▶ [Exercise prompt] Write out again the lines from the line with "Los Bogies Club Tee - Steel (Black)" up to and including the line with "Vêtement Création Wissa", exactly as they stand below, and skip any picture.

▶ [Listed records]
######
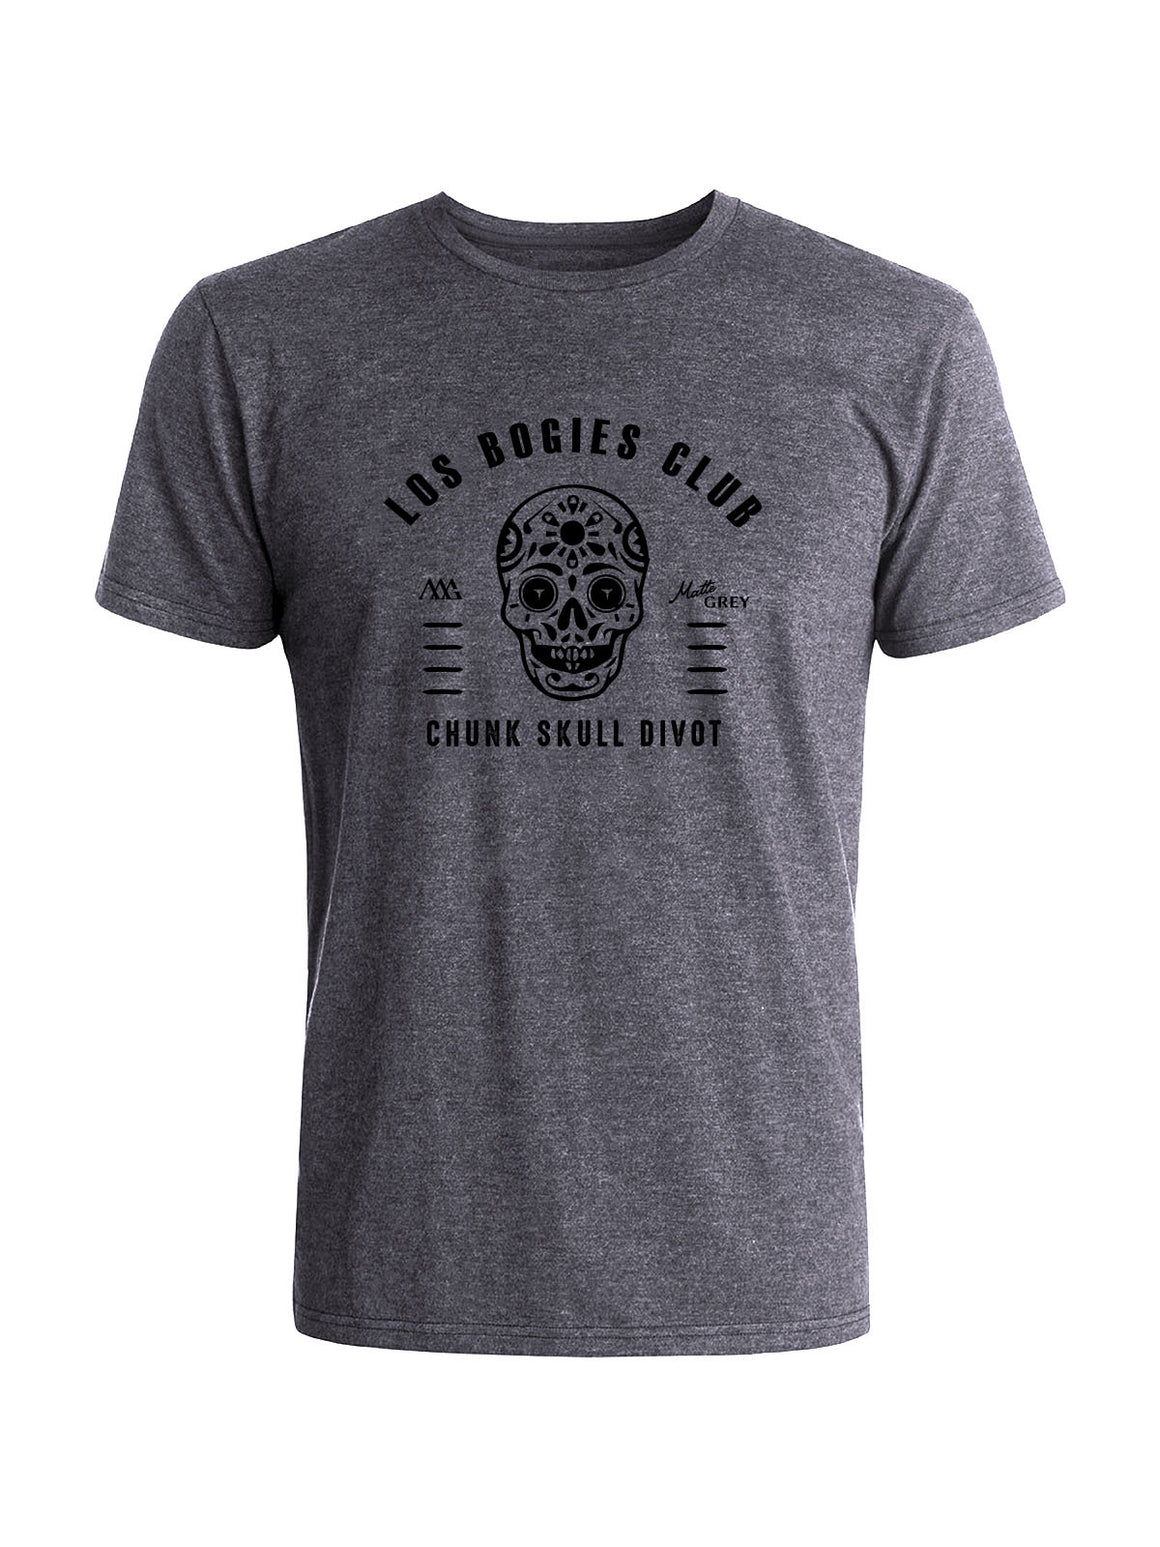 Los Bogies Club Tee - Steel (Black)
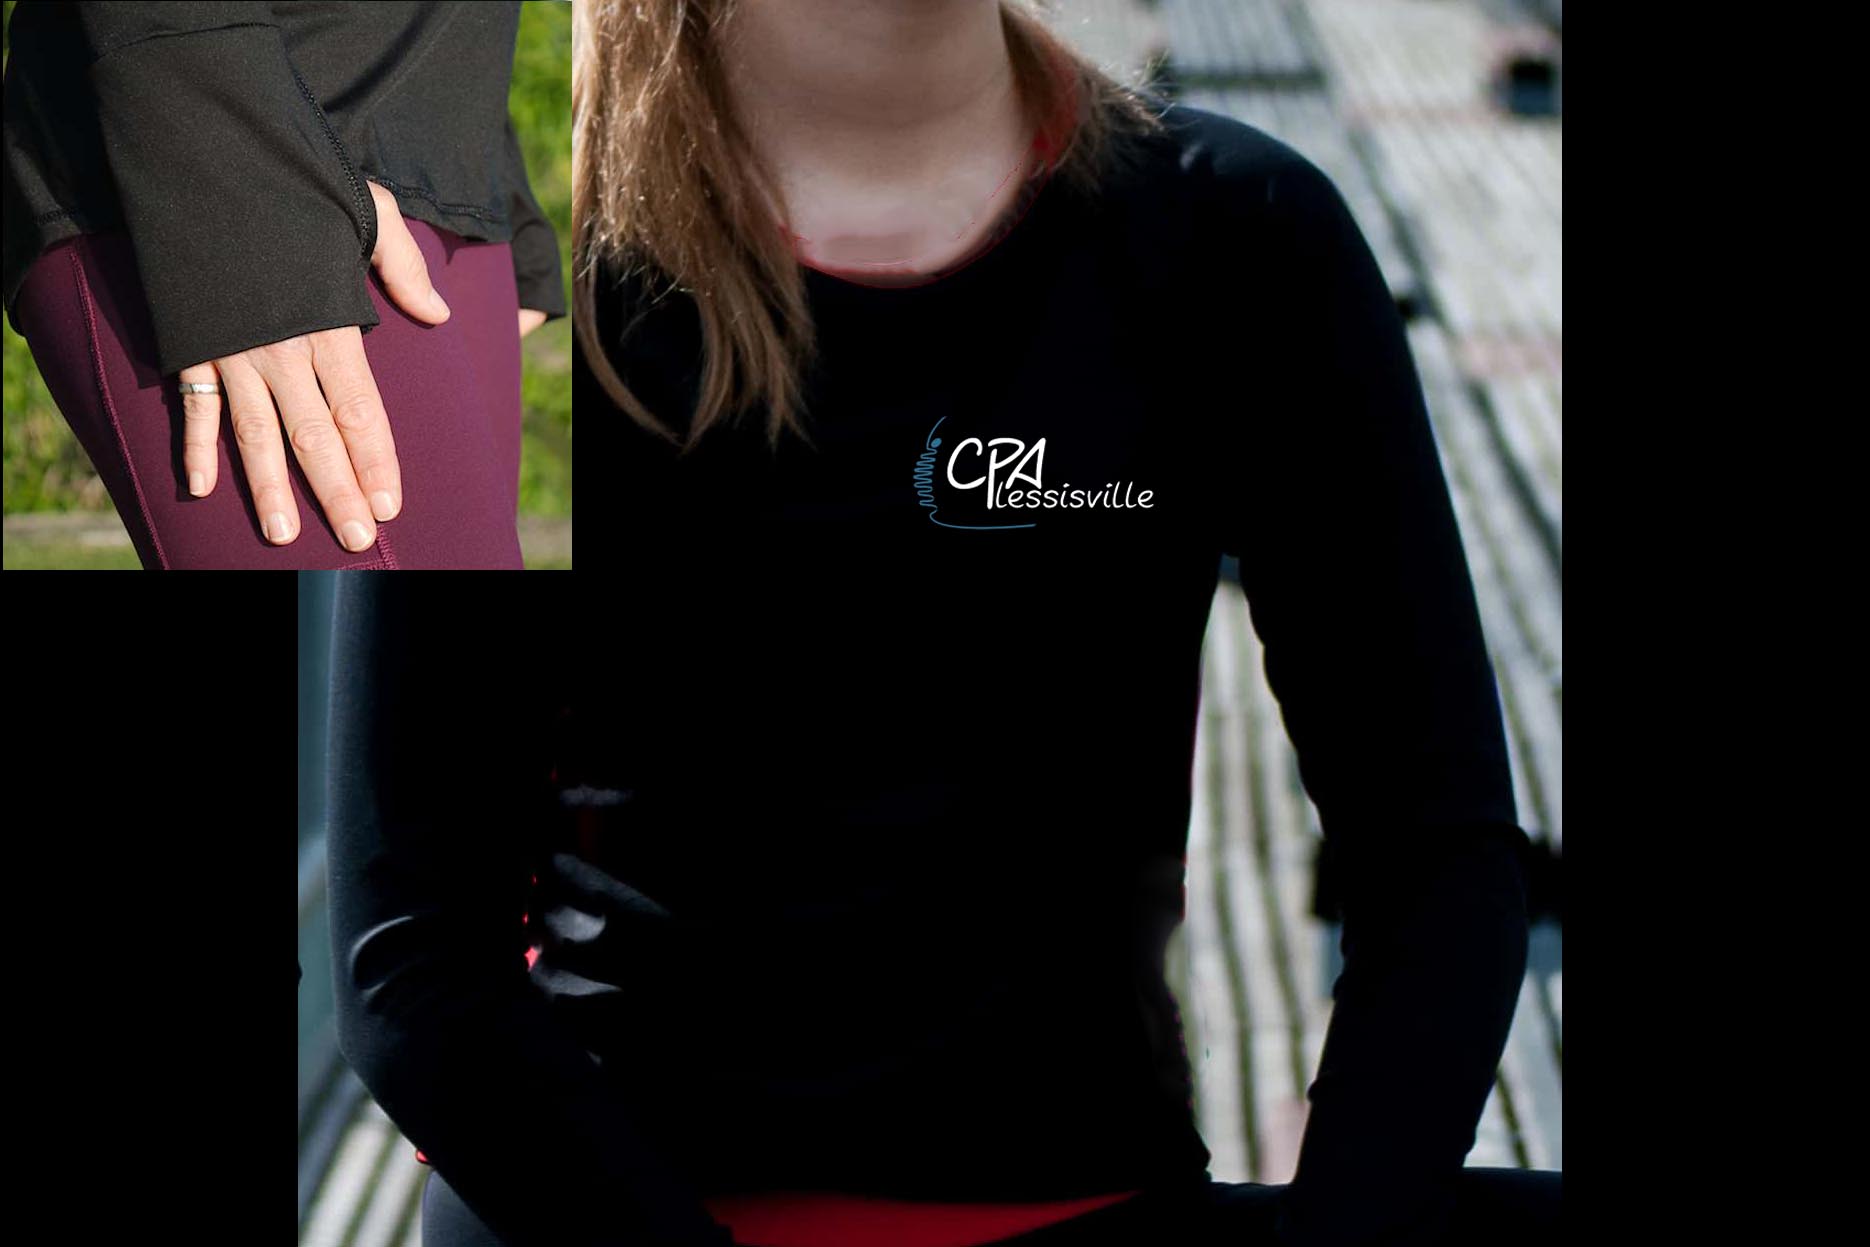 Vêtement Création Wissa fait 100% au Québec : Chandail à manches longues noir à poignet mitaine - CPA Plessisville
######
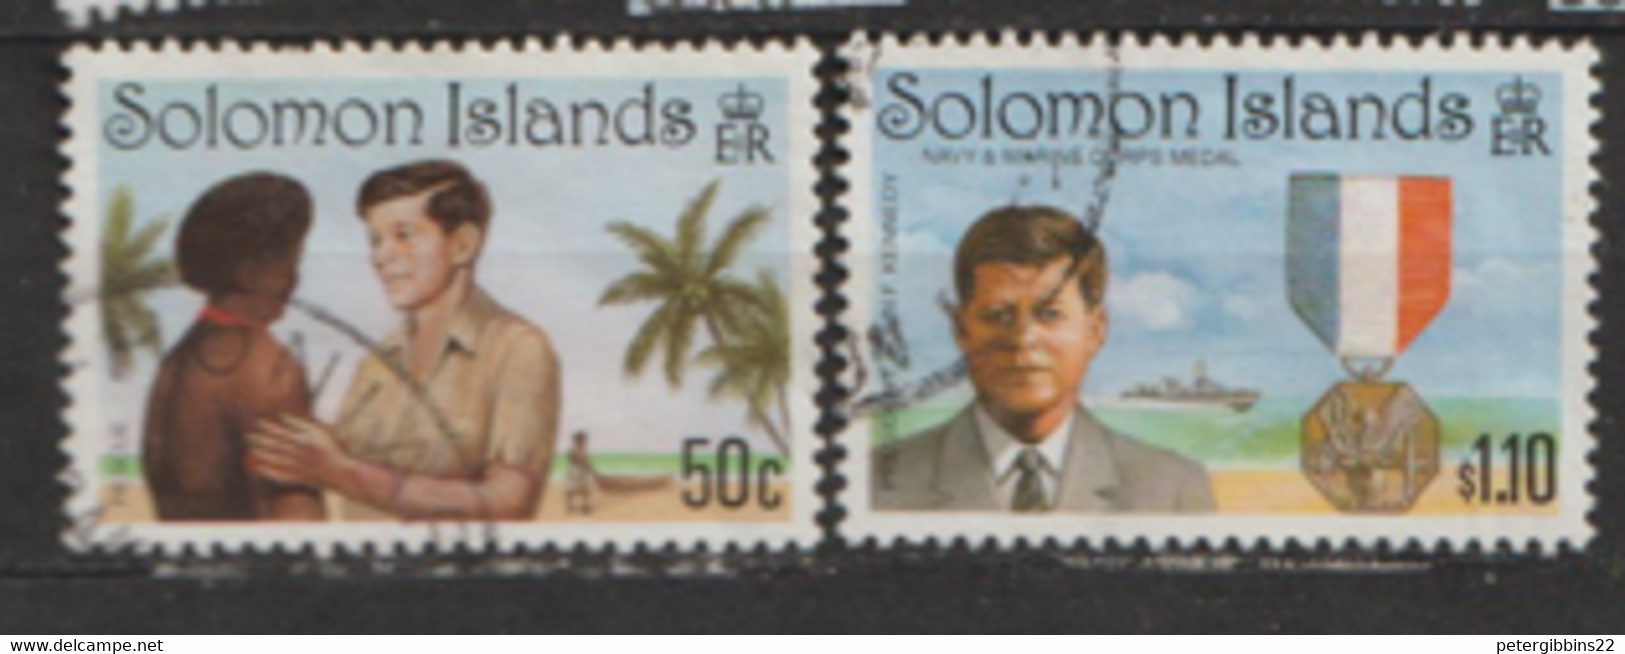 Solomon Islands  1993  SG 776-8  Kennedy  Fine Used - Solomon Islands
######
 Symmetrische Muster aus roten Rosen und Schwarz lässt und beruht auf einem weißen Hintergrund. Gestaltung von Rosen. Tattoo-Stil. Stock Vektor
######
▶ [Task answer]
 Los Bogies Club Tee - Steel (Black)
 Vêtement Création Wissa fait 100% au Québec : Chandail à manches longues noir à poignet mitaine - CPA Plessisville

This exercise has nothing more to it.